Results and Discussion

As with the previous T-maze paradigm, animals switched their preferences away from the HR lever as the work required to gain the reward increased [F(3, 27) = 25.37, p < 0.01] (Figure 2b). There was a near linear, monotonic relationship between the FR requirement on the HR lever and percentage of trials on which it was chosen, with the point of indifference (where the rats as a group choose the HR and LR on 50% of the trials) being at approximately FR13 on the HR lever when extrapolated from the available data.

Interestingly, this pattern of choices was also closely mirrored by response latencies on forced trials even though in the latter case only a single option was available; reaction times (RTs) on HR forced trials were faster than those on LR forced trials in blocks when the HR was preferred on the majority of choice trials and the converse was true when the LR was selected on choice trials (Figure 2c).

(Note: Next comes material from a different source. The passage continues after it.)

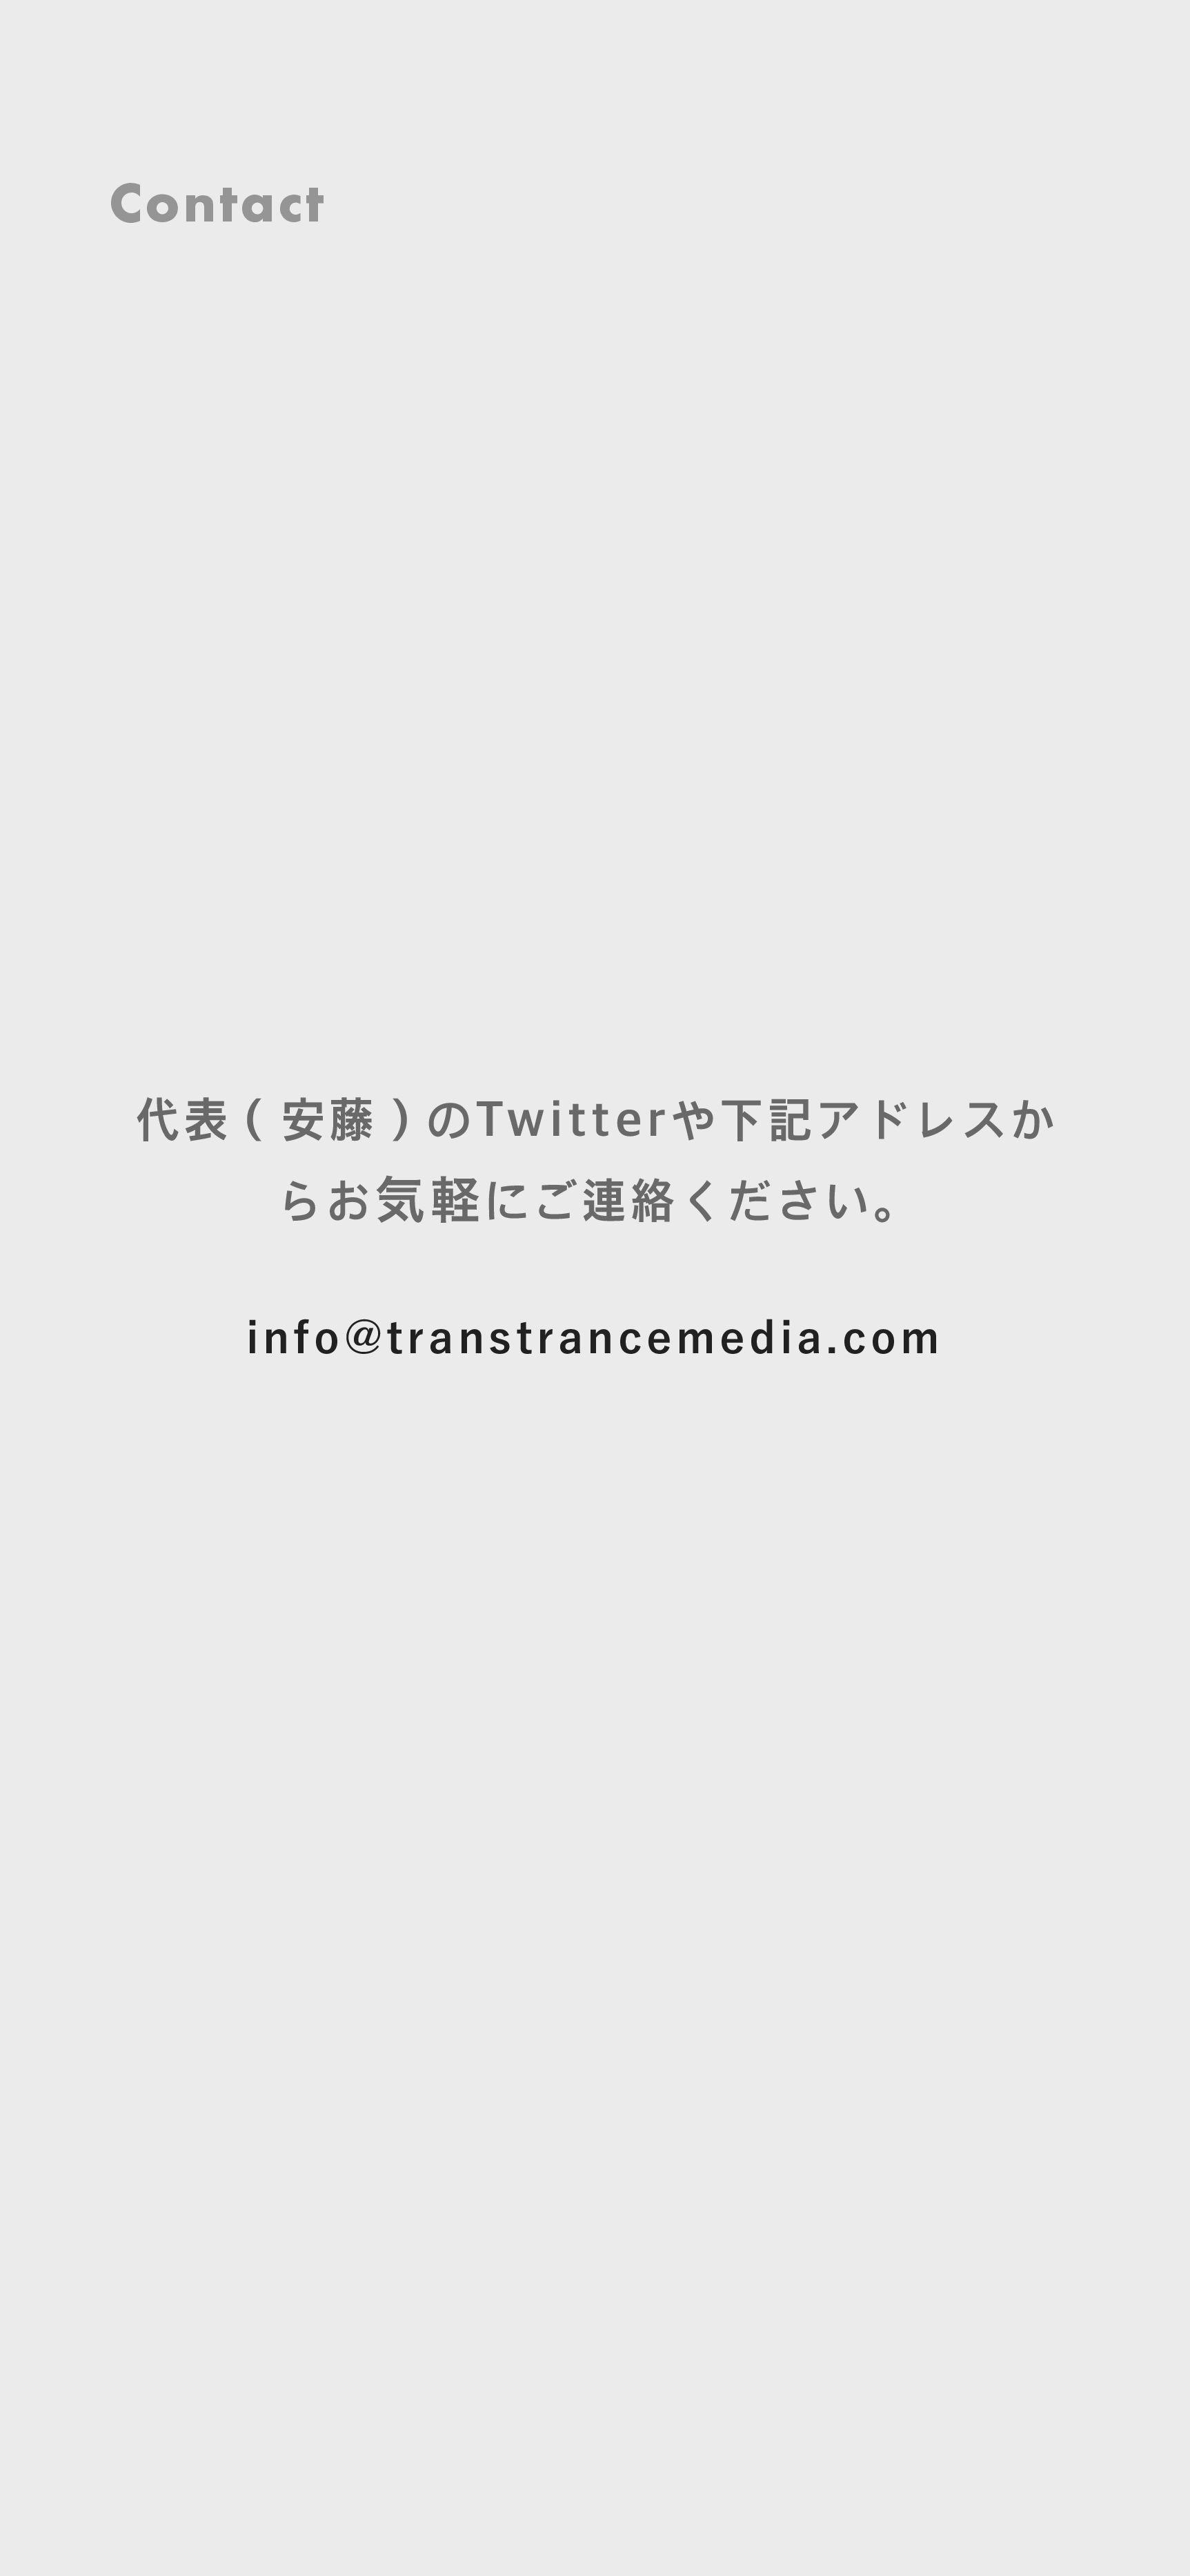 Contact ͓͍߹Θͤ
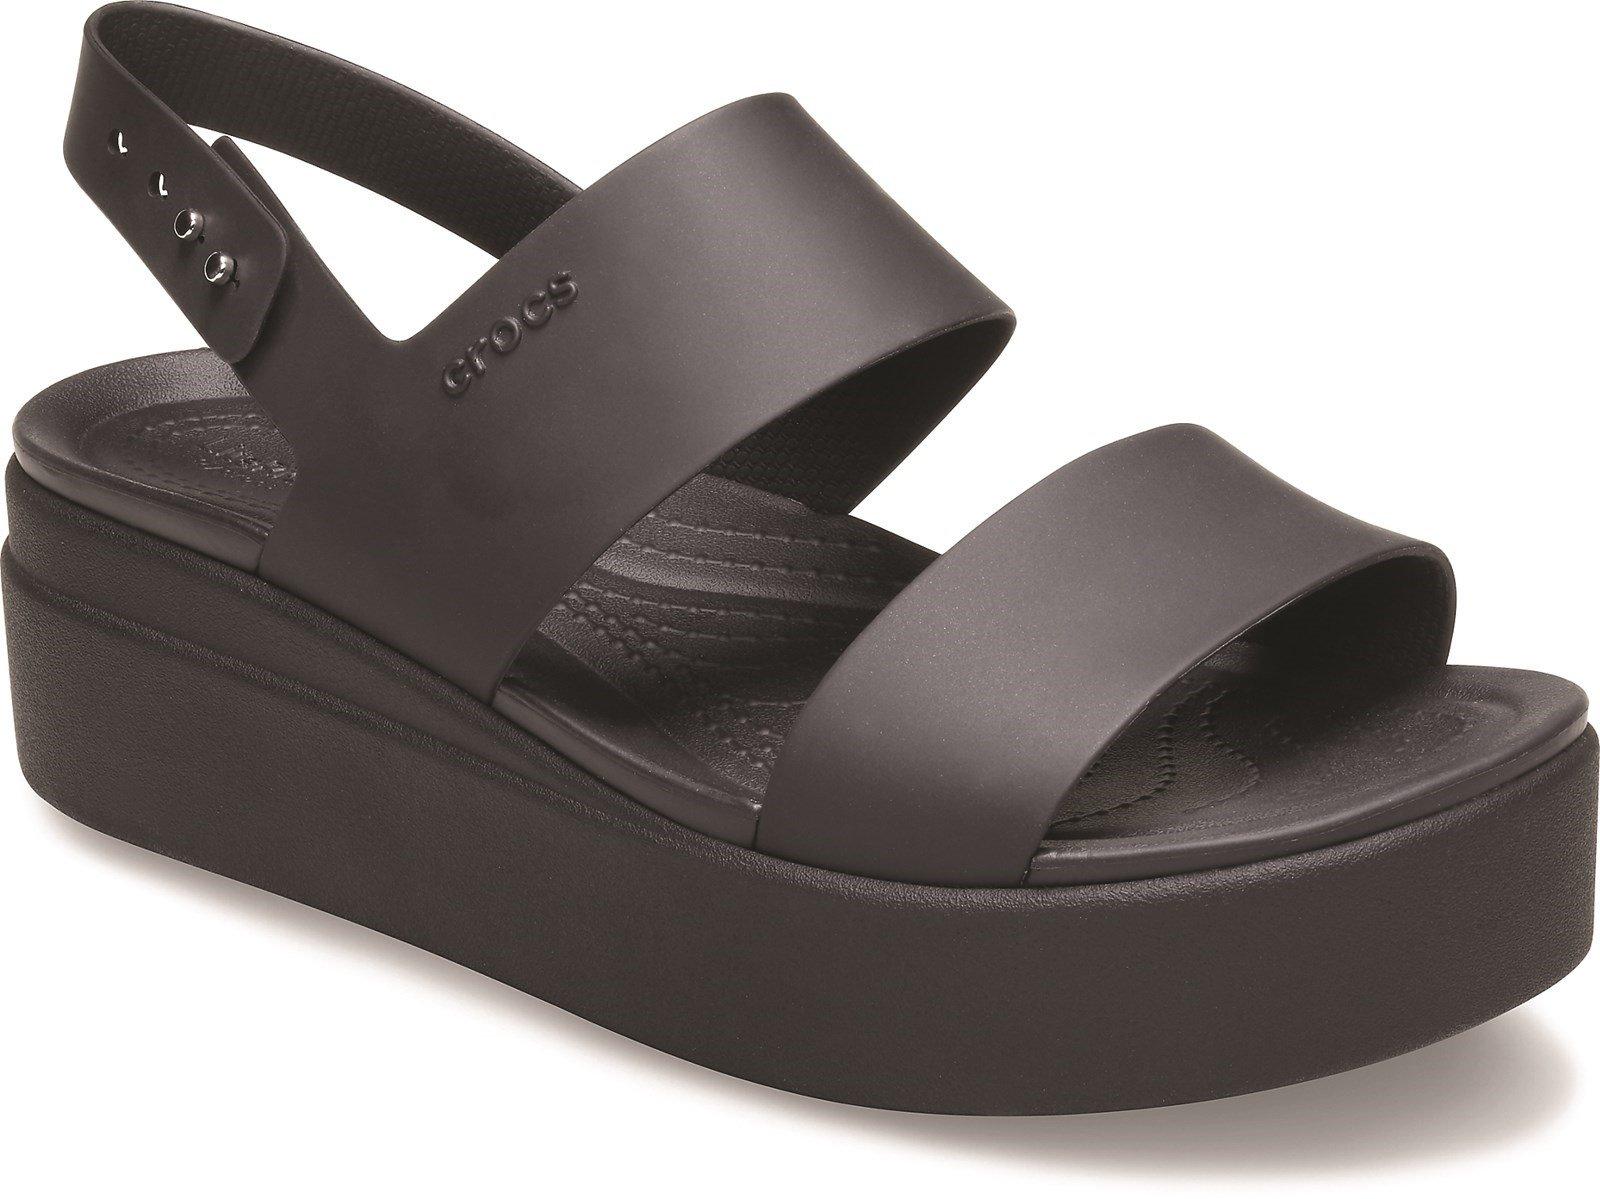 Crocs Women's Brooklyn Low Wedge Platform Sandal Various Colours 31458 - Black 3

This relationship between the two measures was also borne out by the choice performance and response latencies of individual animals (Pearson correlation coefficient: r = 0.85, 0.93, & 0.74 for HR = FR8, FR12, & FR20 respectively, all p < 0.05) (Figure 2d). This indicates that the response to a particular situation is not influenced merely by the immediate available alternatives (which, on forced trials, are nonexistent), but also on the context of options presented on previous trials.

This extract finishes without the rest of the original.